Figure 3. Compile-time components of PipeGen. The file IO redirector (IORedirect) generates a data pipe to transfer data via a socket, while the format optimizer (FormOpt) improves efficiency for text-oriented formats. (Source: Brandon Haynes et al., University of Washington.)

Data pipes are created in two steps. First, PipeGen executes the data export unit tests and analyzes the DBMS binary to create an export data pipe that transmits data via a network socket rather than the disk. Then, PipeGen uses the import unit tests to create an import data pipe that reads data from a network socket rather than a disk file. The same tests are used to validate the correctness of the generated data pipes. To use the generated pipes, users issue queries that export and import from disk files using a special filename, whereupon PipeGen creates a network socket and connects the generated import and export pipes to transmit data.

To further speed up data transfer, PipeGen comes with a number of optimizations. First, PipeGen attempts to transmit data using binary rather than text-oriented formats. This is done by serializing data using external binary encoders (Apache Arrow in our current implementation) rather than text encoders in the generated pipes. As another optimization, PipeGen analyzes the code in an attempt to identify and eliminate textual delimiters during data transfer. If the source and target DBMSs support multiple threads, then PipeGen will utilize them to transfer data in parallel. Finally, PipeGen compresses the encoded data to further reduce transfer time.

Our experiments show that PipeGen can generate data pipes that speed up data transfer between DBMSs by up to 3.8X, both when the source and target DBMSs are colocated on a single node, and when they are located across different data centers.
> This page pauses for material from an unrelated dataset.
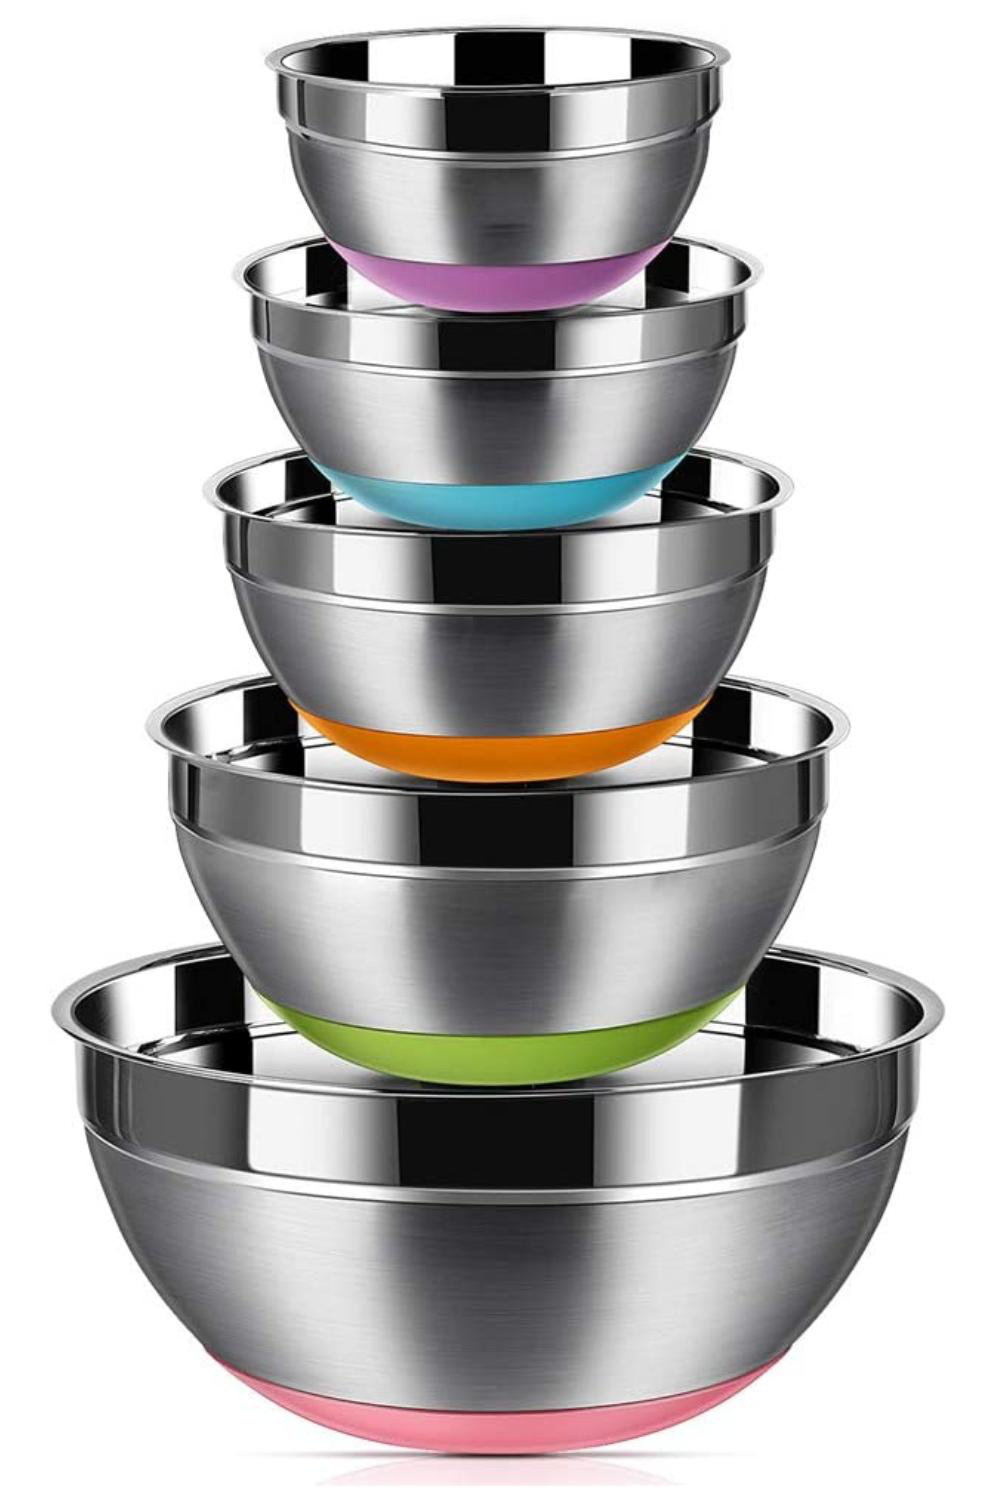 HOMEARRAY Stainless Steel Mixing Bowls Set (Set of 6) - Polished Mirror  kitchen bowls, Nesting Bowls for Space Saving Storage, Ideal For Cooking

Figure 4 shows the speed-up when using PipeGen’s data pipes and transferring data between five pairs of DBMSs.

Figure 4: Total speedup between file system and PipeGen for 10 billion elements, each with a unique integer key in the range [0,n] followed by three (integer ∈ [0, n], double) pairs. (Source: Brandon Haynes et al., University of Washington.)

Figure 4: Total speedup between file system and PipeGen for 10 billion elements, each
with a unique integer key in the range [0,n] followed by three (integer ∈ [0, n], double) pairs. (Source: Brandon Haynes et al., University of Washington.)

PipeGen currently does not address the problem of schema matching and mapping.  It focuses instead on the mechanics of data movement. We expect the data pipes to be utilized directly by an end user or a query optimizer, which would insert operators to transform data into appropriate data types as needed.  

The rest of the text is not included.